The Commandant—Leilani finally had a face to put to the name—approached with easy confidence. Not arrogant, just comfortable in his authority. He was older, lines around his eyes that spoke of decades of service, but moved like a man much younger.
And he looked exhausted. Grief sat on him like a cloak.
"Director, don't mind the new bodyguards. They're still getting used to things..."
Leilani was giving everyone within twenty meters a very close look. Threat assessment, sight lines, potential choke points. Standard procedure, except nothing about this was standard. The Imperial Palace, a Senator, an Adeptus Ministorum director, and nobles everywhere.
Miles, the Custodian, stood slightly apart. His Auramite plate gleamed in the artificial light, distracting everyone who knew what he was.
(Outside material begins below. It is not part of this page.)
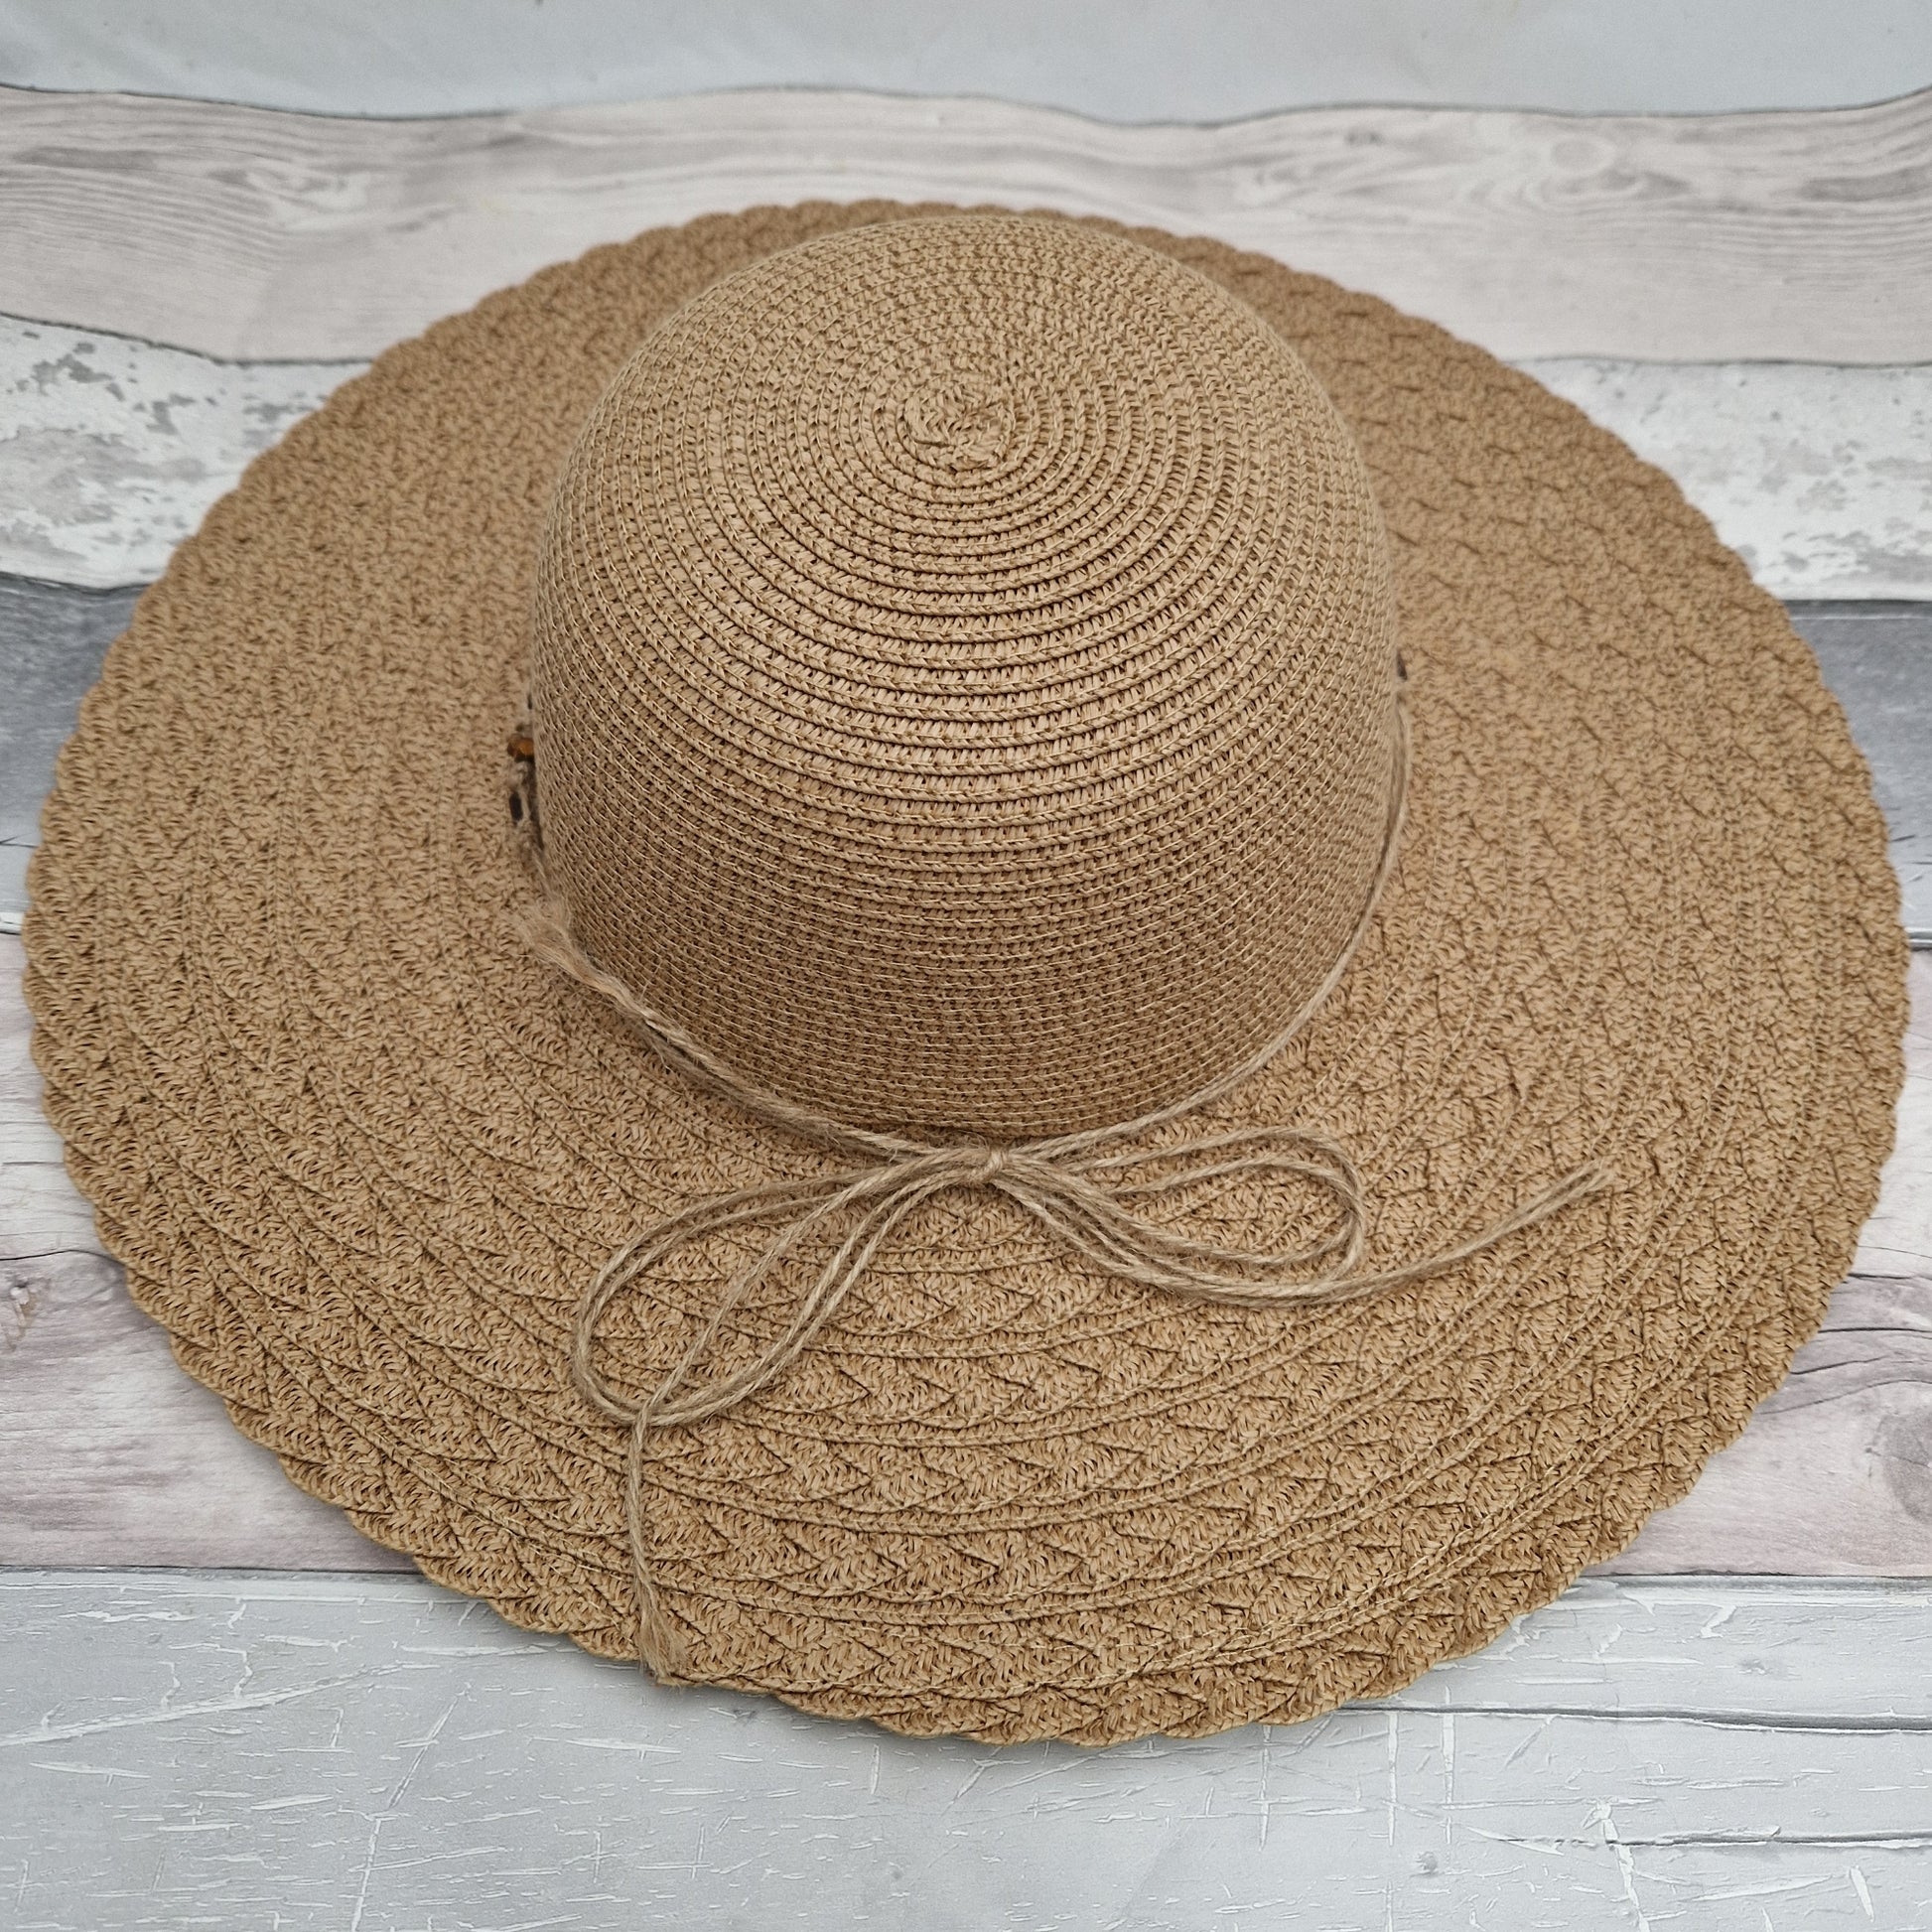 Natural coloured wide brimmed hat with a beaded band.

Leilani had served alongside Custodians before. They were... unnerving. Perfect. Inhuman in their perfection.
"Don't mind the skitarii, they're... skittish."
Logis-Magos Theta Meridian stood near the entrance, his augmetic frame barely concealed beneath his red robes. The skitarii bodyguards flanking him were twitching at every movement, cogitator arrays processing threat data.
One of them blared a bit of noospheric code.
Theta replied absentmindedly in the same binaric cant. "No, weapons safe." The command was reinforced with another burst of code.
"How are you, Michael?"
The Director's voice was warm, concerned. Real concern, Leilani noted, not political pleasantry.
"I'm all right," Michael said quietly. "Please, weapons-safe everyone. We are all in this together."
Leilani caught the slight emphasis on that last phrase. We are all in this together. Not just tonight. Not just this dinner. Something larger.
She touched her Aquila pendant—the one matching her sister Meilana's, wherever she was—and settled into position behind the Commandant.
This was her duty now. Protecting this man who'd just lost someone important. This Senator with grief in his eyes and determination in his spine.
The Emperor protects, she thought. Through bonds. Through duty. Through service.
And perhaps—though she couldn't have known it then—through something more.